◆ Work order ◆
What you submit must be an exact copy of the listing below, with no images in it.

◆ Source data ◆
——
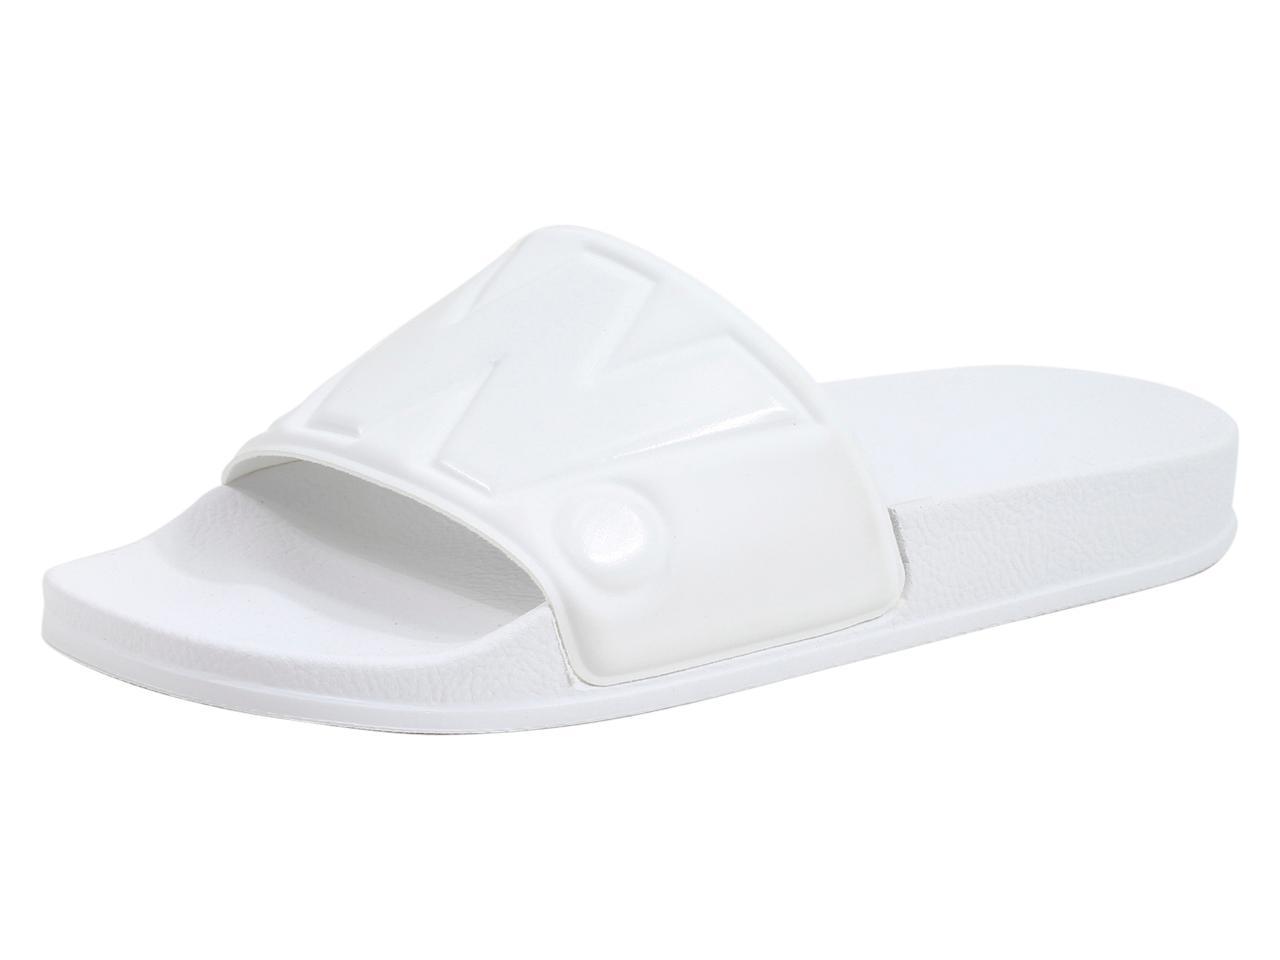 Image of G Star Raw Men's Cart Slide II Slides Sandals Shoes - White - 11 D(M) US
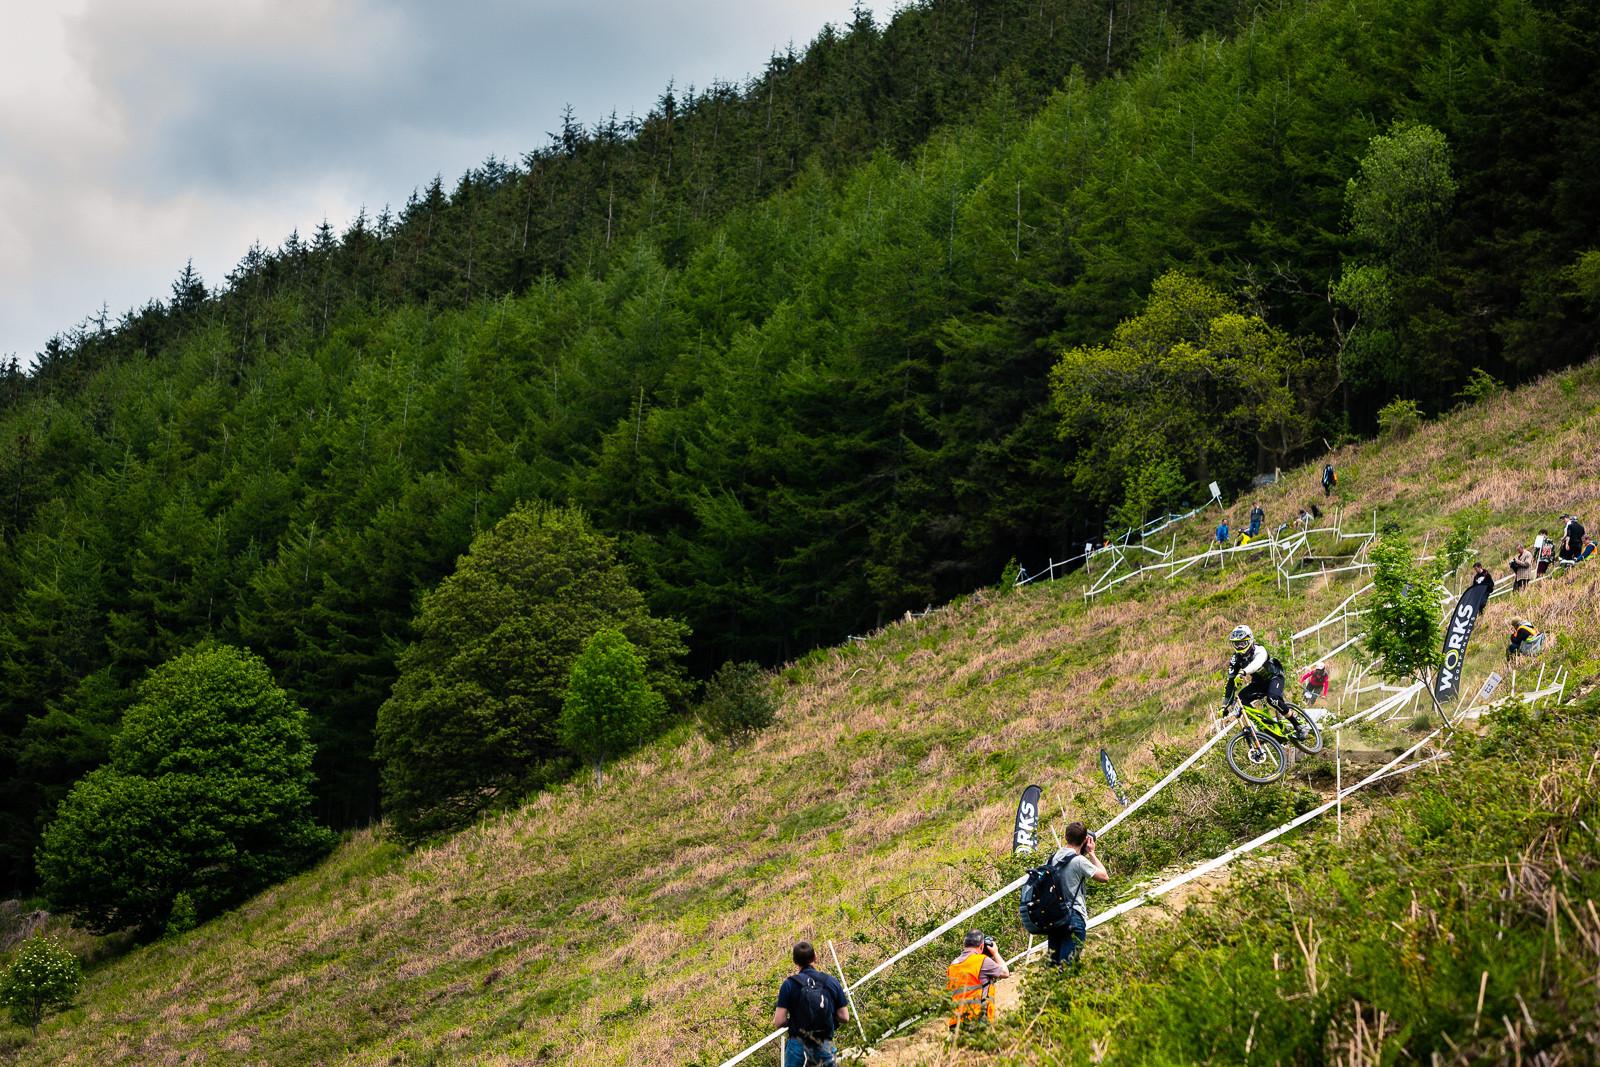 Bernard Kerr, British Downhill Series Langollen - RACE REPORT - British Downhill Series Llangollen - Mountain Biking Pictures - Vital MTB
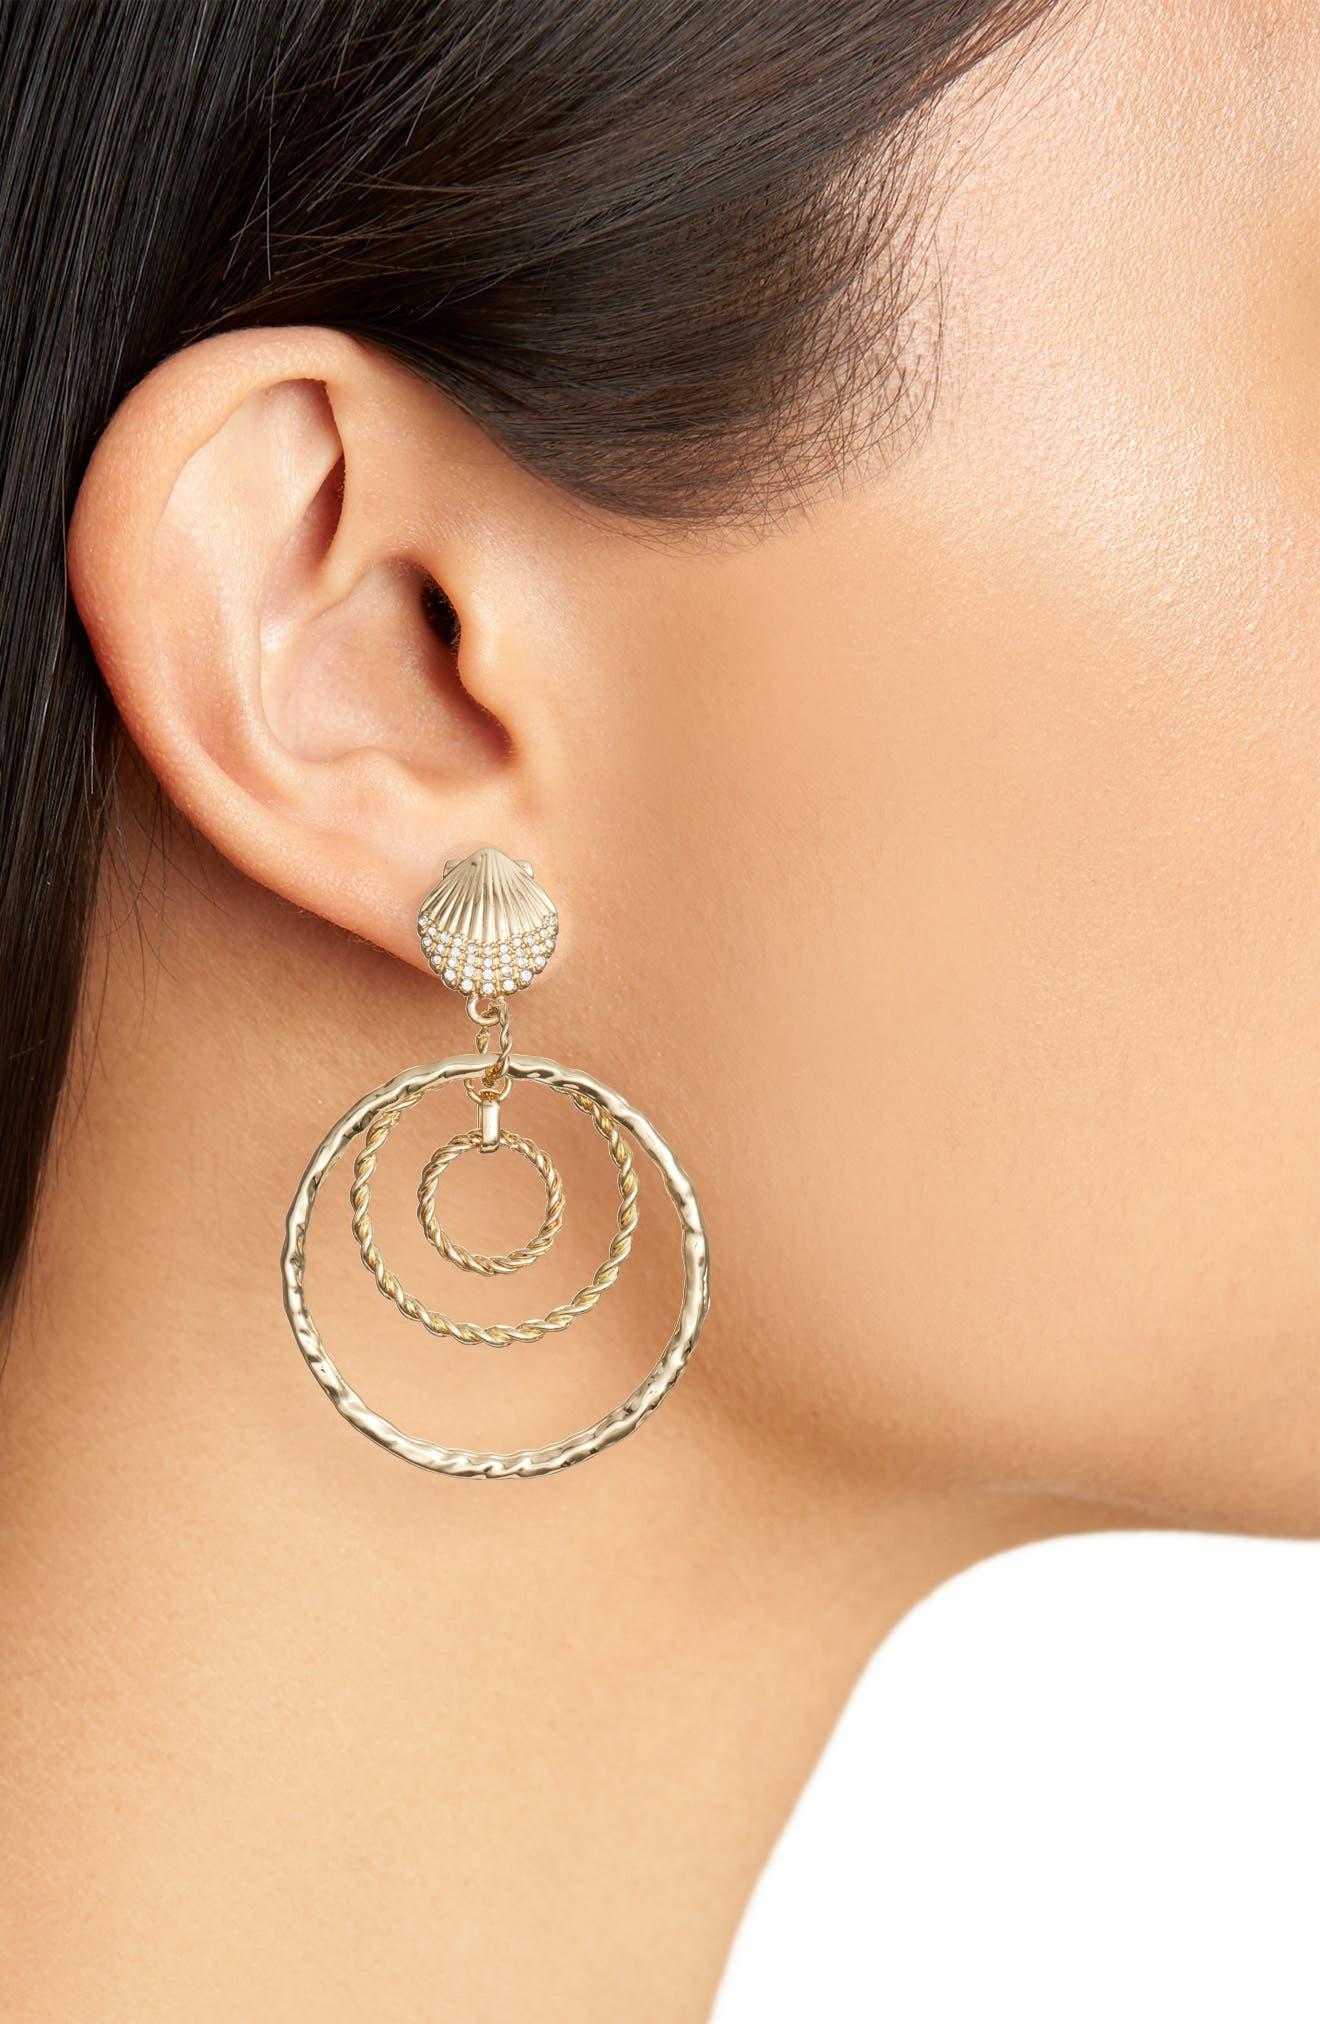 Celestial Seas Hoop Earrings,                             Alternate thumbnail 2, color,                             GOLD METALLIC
——
◆ Reply ◆
 Image of G Star Raw Men's Cart Slide II Slides Sandals Shoes - White - 11 D(M) US
 Bernard Kerr, British Downhill Series Langollen - RACE REPORT - British Downhill Series Llangollen - Mountain Biking Pictures - Vital MTB
 Celestial Seas Hoop Earrings,                             Alternate thumbnail 2, color,                             GOLD METALLIC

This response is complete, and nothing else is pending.